The officer in front… it was Grant, of course.

As a volley rang out behind him, he turned and looked back and saw the first of the rebel infantry, mingled in with dismounted reb cavalry, reaching the crest.

Suicide was not a gesture he cared for today. He spurred his mount, starting down the slope, staff about him, Custer's men, most on foot, some mounted, staggering along.

Grant spotted him, leaned into his mount and, with his usual display of brilliant horsemanship, came up the slope at a gallop. McPherson rode down to meet him.

"What is happening here?" Grant shouted, reining in hard by McPherson's side.

"Infantry just on the other side." "How many?"

"Full division. It stretches all the way back to Frederick. Lead regiments deploying into line."

Grant looked up to the crest of the road and then back to their own troops, still coming on at the double, several hundred yards away.

A few shots whistled past them but Grant ignored the threat.

"Can we take 'em with your men?"

Grant pointed back to the great blue serpent weaving across the valley.

"Hell, yes," McPherson replied.

"Lead them in. I'll head back down and urge them on."

He leaned over and shook McPherson's hand.

"Stay healthy, James. And you did a good job, moving your men forward.

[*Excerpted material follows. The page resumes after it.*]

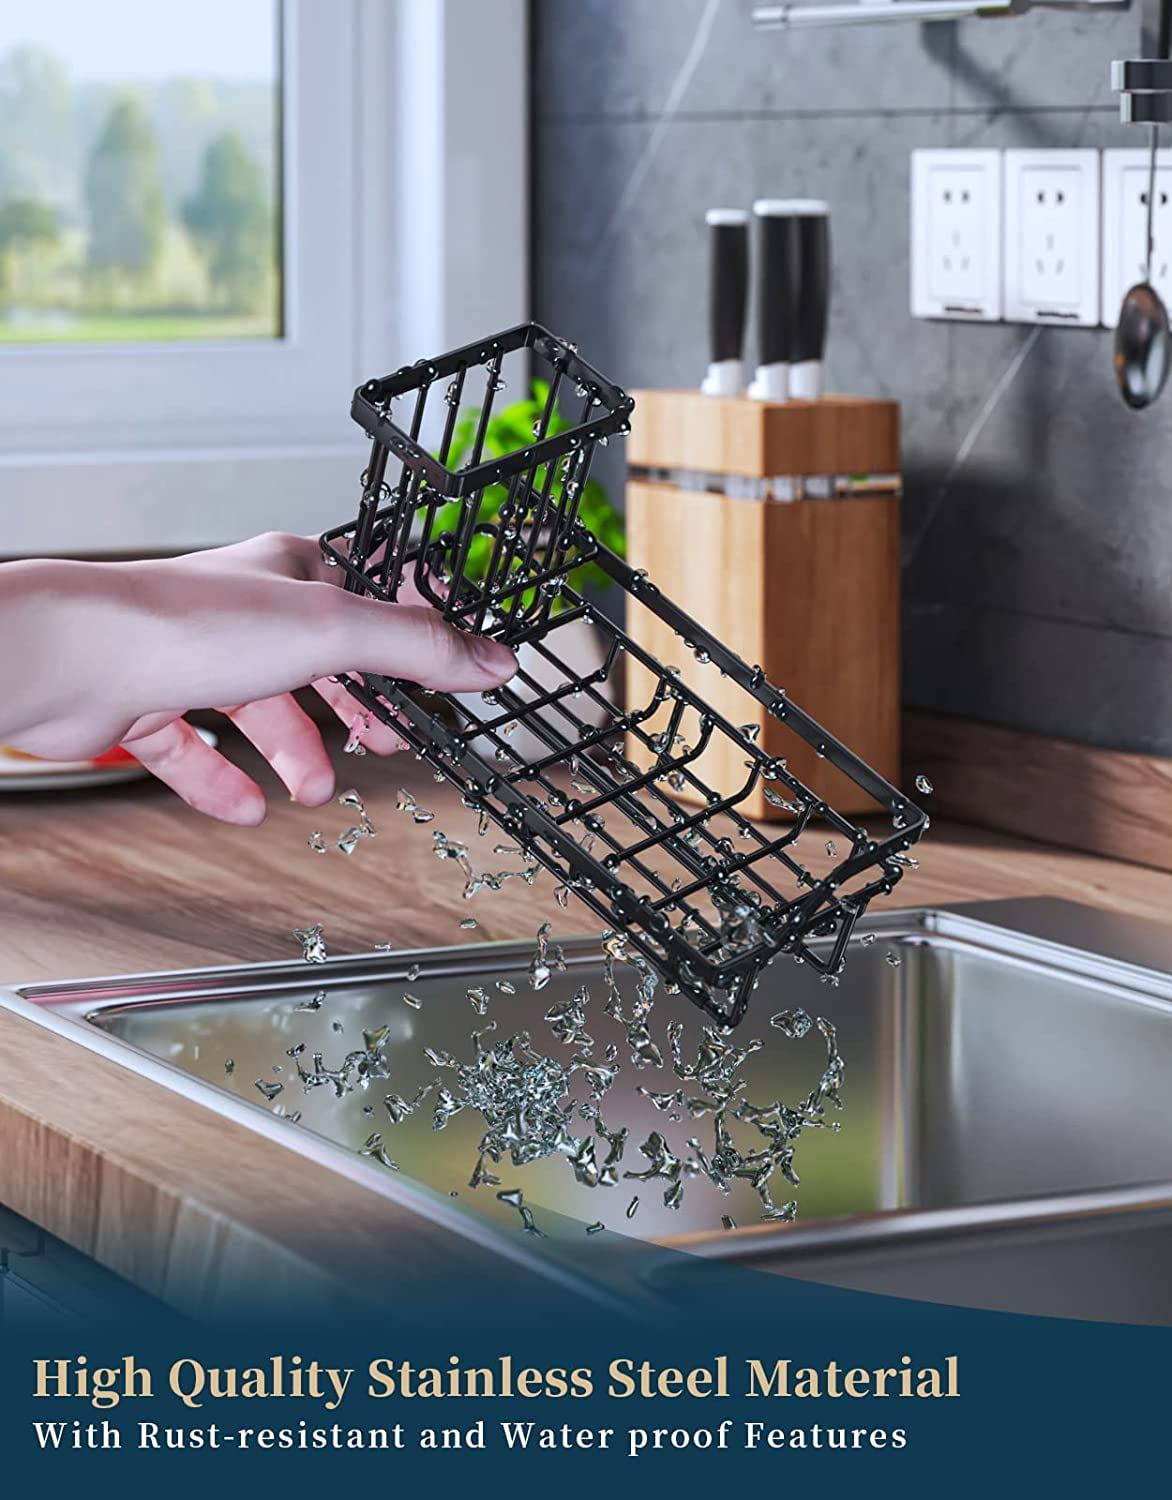 HULISEN Sponge Holder + Dish Brush Holder, 3-in-1 Kitchen Sink

Half an hour later and Lee would have had this ridge for good."

Grant turned and rode off, McPherson grinning. That man already assumed they were going to sweep the rebs off the crest.

By heavens, if he believes it, then I'm the man to do it, McPherson thought, even as he rode down to the head of his column, shouting for the boys to keep moving but to shake out into line of battle.

Braddock Heights 2:00 P.M.

Come on, South Carolina, form up here!"

Sergeant Major Hazner, following the lead of Colonel Brown, urged his men on at the double. Men were doubled over, panting, some peeling off blanket rolls and dropping them even as they ran up the steep grade of the road. Then they broke to the right, climbing over a post and rail fence, and then into a tangle of second-growth trees, low branches whipping back into men's faces, the column turning into a pushing, shoving, cursing crowd.

To their left a volley rang out and Hazner could see the smoke swirling up from the road. Cavalry troopers were mingled in with the infantry, firing with carbines; some had pistols out, waiting for the range to close. Shouts ahead; a staff officer, hat oft and sword drawn, was waving to Brown.

"Fall in here. Fall in here!"

The ground began to slope away, dropping down. They were over the crest and Hazner felt as if his legs were about to buckle and give way.

"What the hell is going on?" Brown shouted to the staff officer.

"We got the crest, but by God, they've got infantry, thousands of 'em, coming up the road. Get ready, they'll hit any minute. Scales says we got to hold this ridge!"

The staff officer saluted and, turning, ran northward, shouting for the next regiment behind the Fourteenth South Carolina to fall into line.